Foreign Private Issuers; XBRL
Foreign private issuers will be subject to similar, although more streamlined, rules for annual reports on Form 20-F and current reports on Form 6-K.

In addition, beginning a year after the initial applicable compliance date, cybersecurity disclosures in both annual and current reports must also appear in interactive data files.

Next Steps
While we expect virtually all companies have engaged in advanced planning around cybersecurity incidents, that planning may not adequately integrate the SEC’s new external disclosure requirements. Consequently, you should consider the following next steps:

  • Begin the process of reviewing and, as necessary, updating board and management processes to ensure that required disclosures reflect a robust approach to cybersecurity threats and incident risk management. The review should consider whether the company’s chief cyber risk and security managers—including the chief information officer or chief information security officer, as applicable—regularly report on cyber risk to the board or an appropriate board committee. Companies should also give due consideration to peer and industry practice.
  • The company’s disclosure controls and procedures should be revisited to make sure the company cyber risk and security processes and personnel are an integrated part of them. The disclosure controls and procedures must be designed to provide reasonable assurance that information on a cybersecurity threat or incident flows to senior management and the board in a timely fashion.
  • In particular, the company’s disclosure controls and procedures should be designed to meet the four-business day disclosure deadline once a material cybersecurity incident has occurred and that all relevant parties—including specifically the company’s cyber risk and security managers—have an understanding of what “materiality” means in the context of a cybersecurity incident. This system should be an integral part of the company’s incident response plan or other playbooks or checklists for cybersecurity incidents.
  • Remember that the new rules also apply to incidents involving third-party vendors that hold or otherwise maintain the company’s information in their system. Vendor risk management processes should be reviewed to ensure their adequacy vis-a-vis cybersecurity.
  • Take a practice run at how the company will disclose cybersecurity risk management, strategy, and governance.
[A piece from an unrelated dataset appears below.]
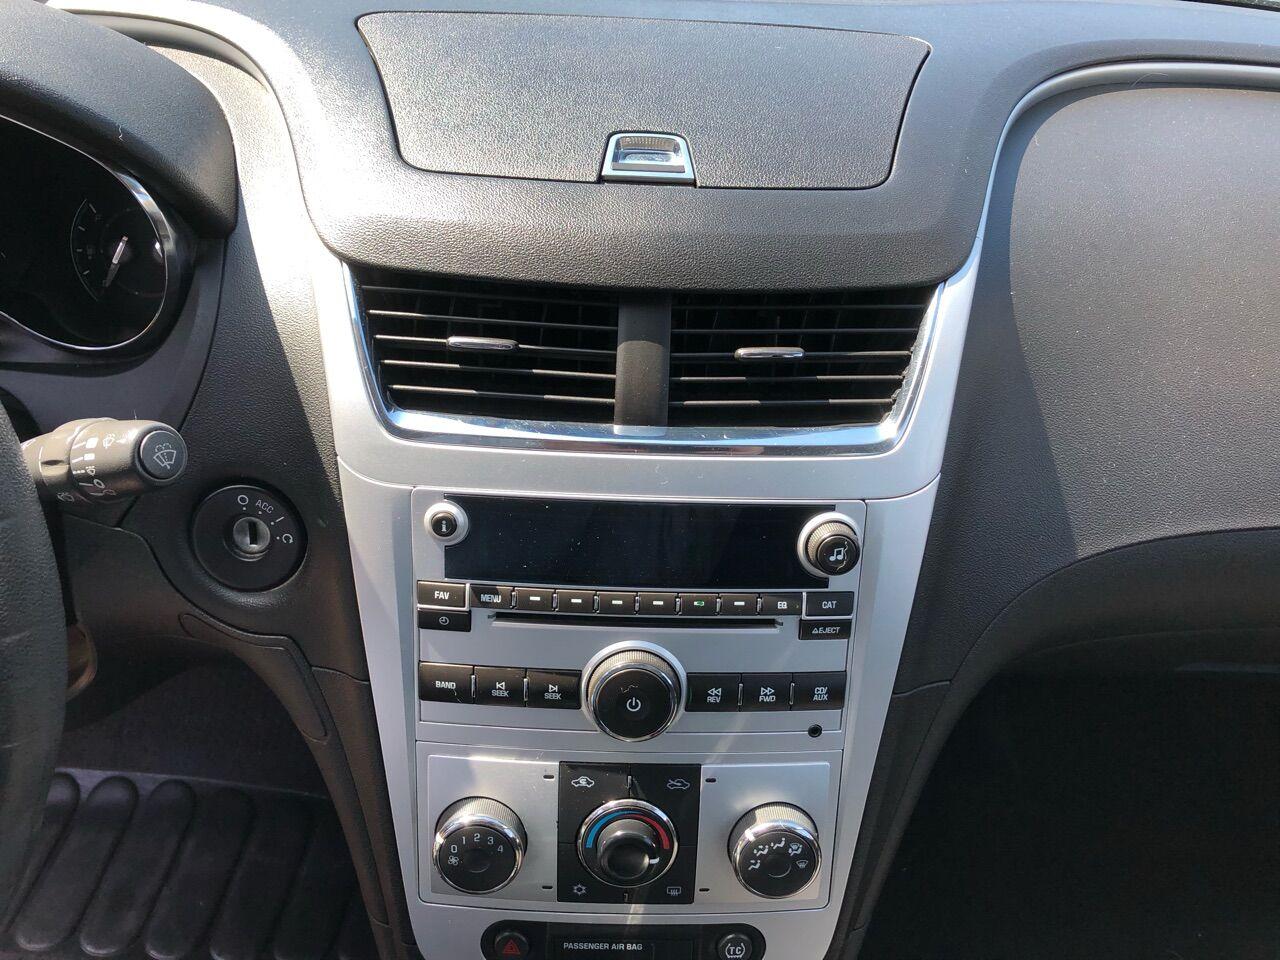 2010 Chevrolet Malibu 4dr Car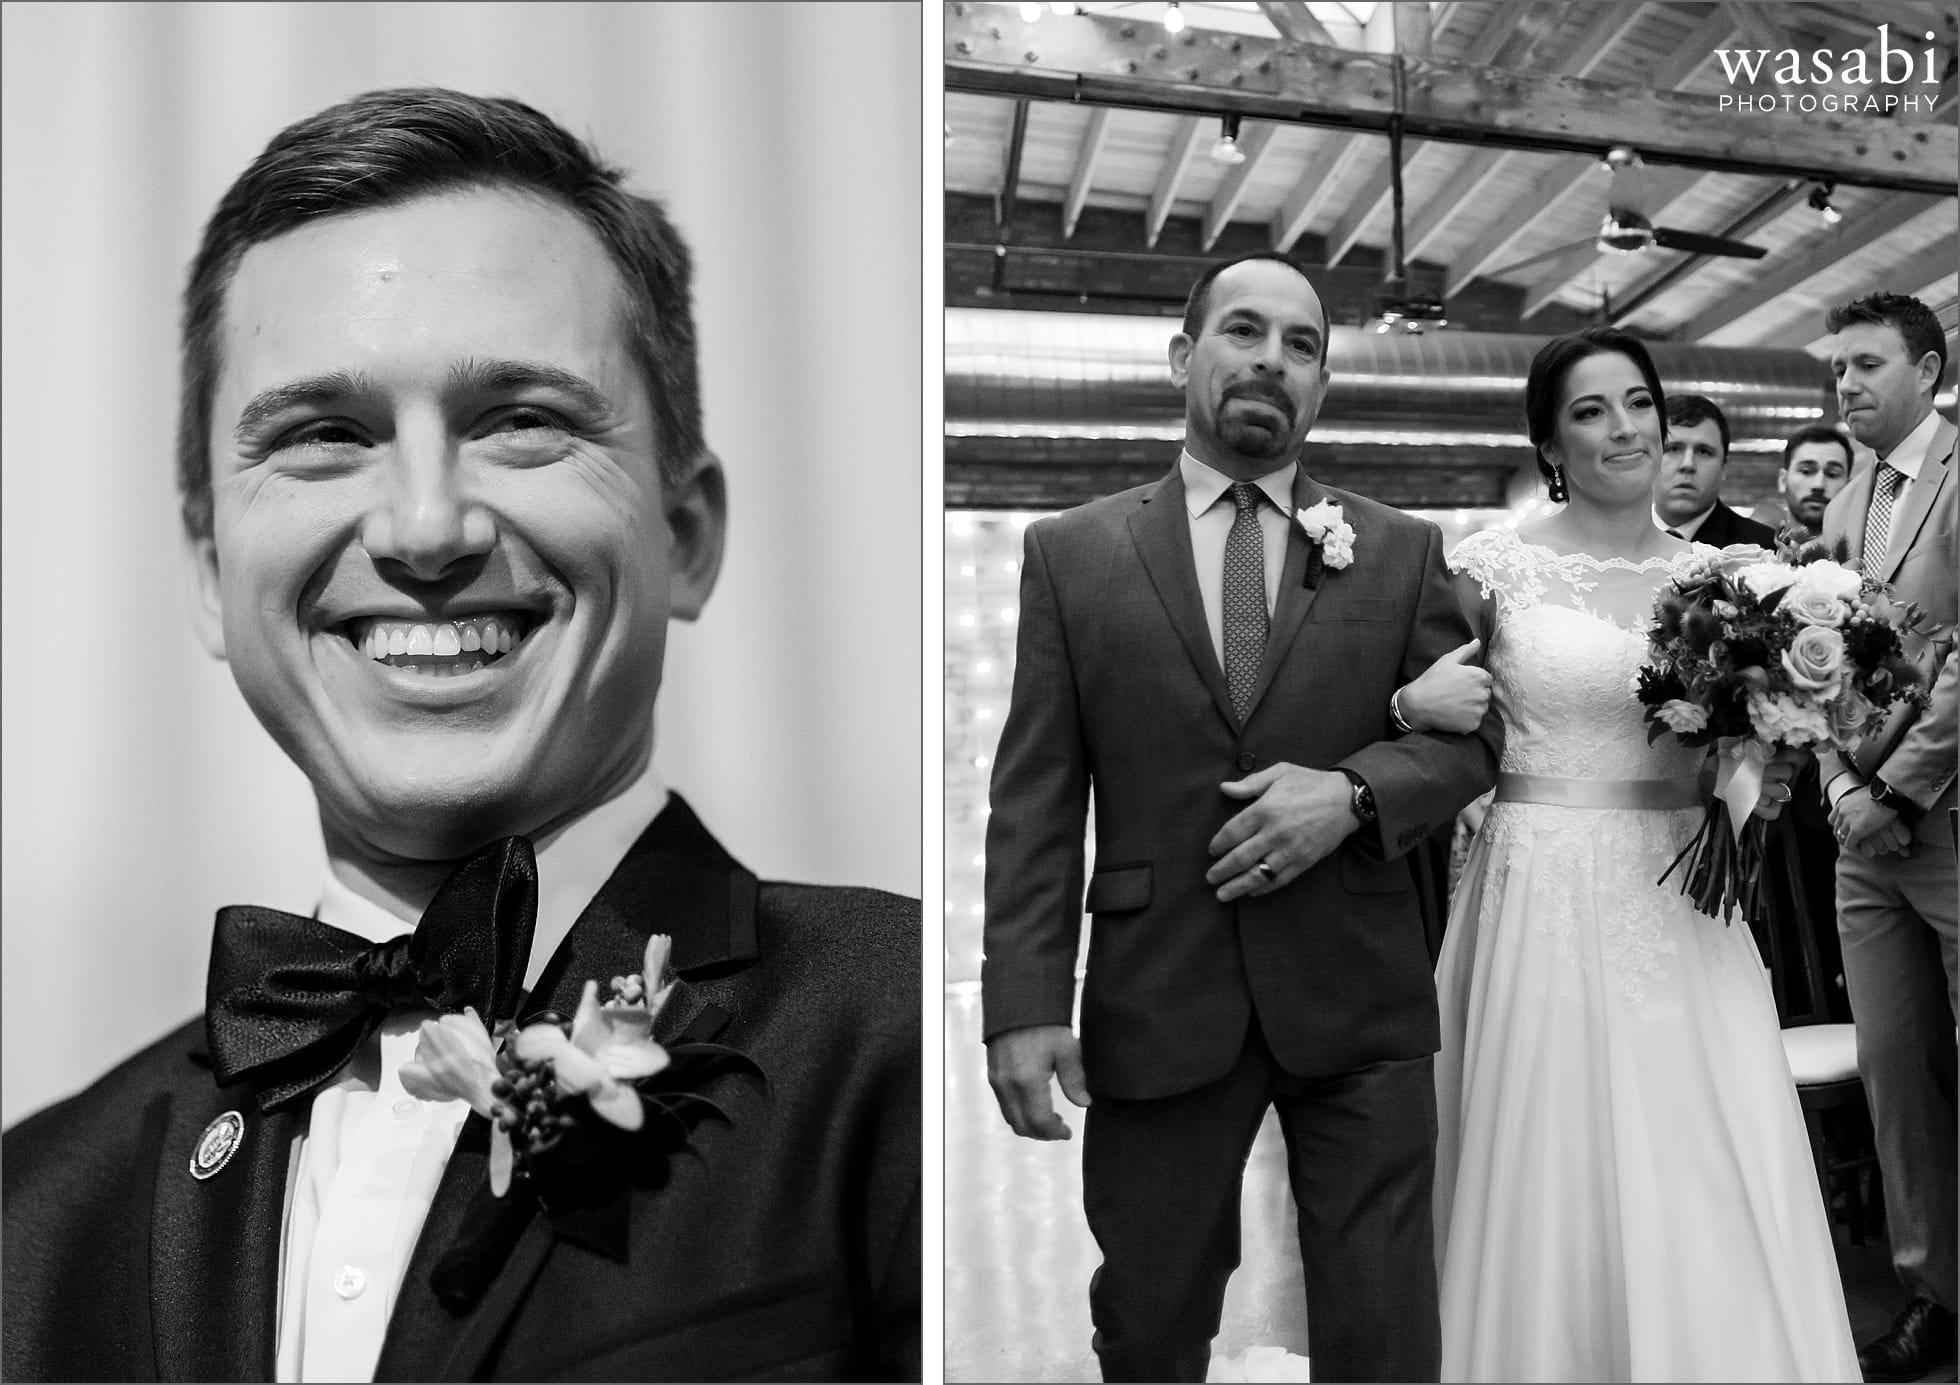 groom sees bride walking down aisle photo

The disclosure will need to provide investors with a reasonable understanding of these areas without revealing information that could be useful to bad actors, and the new disclosure should be consistent with the company’s prior disclosures in this area. Remember that you will need to collect biographical information from your key cyber risk managers regarding their expertise in this area.

DISCLAIMER: Because of the generality of this update, the information provided herein may not be applicable in all situations and should not be acted upon without specific legal advice based on particular situations.